Şube sayısındaki kademeli azalma, müşteri deneyimlerini tasarlamak için yeni bir mantığın geliştirilmesini teşvik etti. Dijital teknolojilerden yararlanmak, bankacılıkta iletişim süreçlerini dönüştüren, maliyetleri düşüren ve daha gelişmiş bir veri kültürünü kolaylaştıran ve destekleyen bir trendi hızlandırdı.

Tüketiciler ise sürtüşmeyi azaltacak ve kararlarının değerini artıracak çözümler arıyor . Bu hedefin peşinde koşarken, finansal hayatlarını farklı sağlayıcılar arasında giderek daha fazla parçalıyorlar. Spesifik ihtiyaçları ve tercihleri ​​ve bağlamsal olarak alakalı ve kolay erişilebilir olanları dikkate alan özel deneyimlere duyulan ihtiyacı ortaya koyma biçimleridir . Başka bir deyişle, tüketicilerin yalnızca beklediği değil, bir dereceye kadar talep ettiği kişiselleştirilmiş veriye dayalı deneyimlerden bahsediyoruz . Burada müşteriler, perakendeden teknolojiye ve eğlenceye kadar diğer yenilikçi sektörlerin denenmiş ve gerçek gerçekliği üzerine beklentilerini modellemektedir.

İlişkinin hem derinliği hem de genel önemi, müşterinin başlattığı dijital etkileşimlerin sayısıyla birlikte büyür. Ve etkileşimlerin sayısı bu deneyimlerin değerine bağlıdır. Bir müşterinin yolculuk boyunca ilerlemesini desteklemek ve gerçekten anlamlı bir dizi deneyim yaratmak için bankalar, kredi birlikleri ve diğer finansal aktörler, müşteri verilerini ve bilgilerini proaktif olarak ve tüm kanallarda, böylece ilgili ve zamanında iletişimi geliştirmek için kullanmalıdır. Açıkça tanımlanmış bir tutma stratejisi, uygun yürütme ile birleştirilmiş , her bir bireysel temas noktasında bu etkileşimlerin her biri için iletişimin etkinliğini en üst düzeye çıkarmalıdır . Potansiyel işlemler, ürün teklifleri ve iş teklifleri, içgörüler, tavsiyeler ve tavsiyeler: Her bir içerik parçası, nihai hedef olan etkileşim yaratma hedefiyle müşteri profiline göre uyarlanmalıdır.

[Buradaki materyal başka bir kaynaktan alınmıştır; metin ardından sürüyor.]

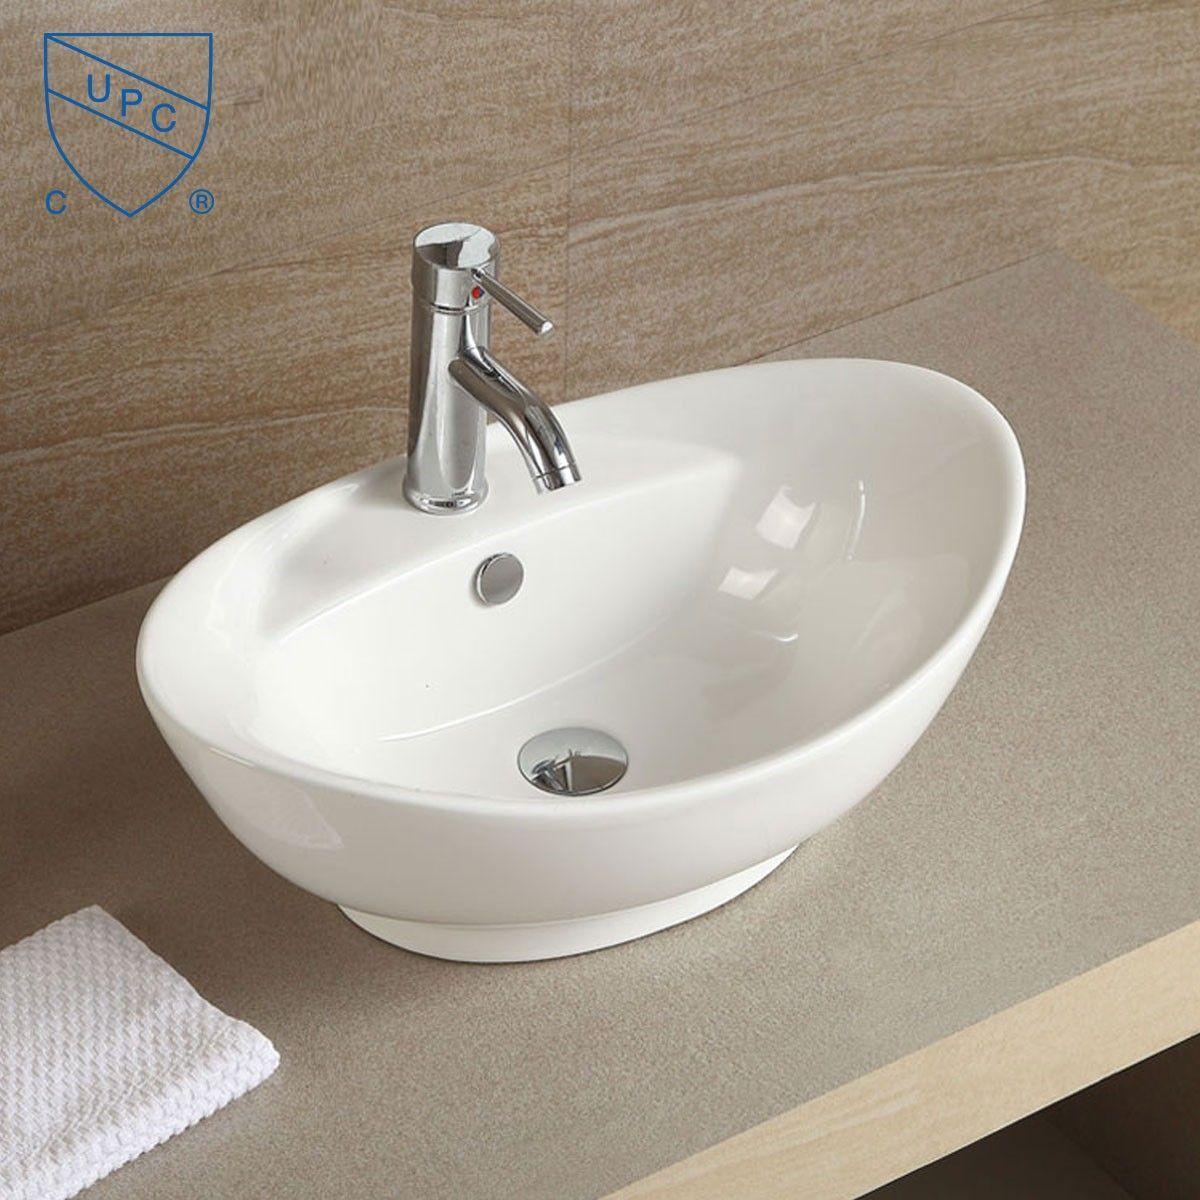 Above Counter Bathroom Sinks Canada. White Oval Ceramic Above Counter Basin Vessel Vanity Sink Art Basin Bathroom Sink

Bankacılıkta sadakat ancak, yeni kanallar ve hepsinden önemlisi, Bankaları ve Bankacılık Kurumlarını dijital ortamlarında destekleyen Doxee tarafından sağlananlar gibi yeni iletişim biçimleri gerektiren yeni müşteri odaklı iş modellerinin uygulanmasıyla sağlanabilir. yaklaşık yirmi yıldır dönüşüm yolculuğu.

Doxee'nin geliştirdiği teknolojilerin sağladığı iletişim, bankaların bir yandan müşteriler ve pazarlarla ilişkilerini pekiştirip geliştirmelerini , diğer yandan da hedef kitle ile iletişimle ilgili süreçleri giderek daha verimli ve ölçeklenebilir hale getirmelerini mümkün kılıyor.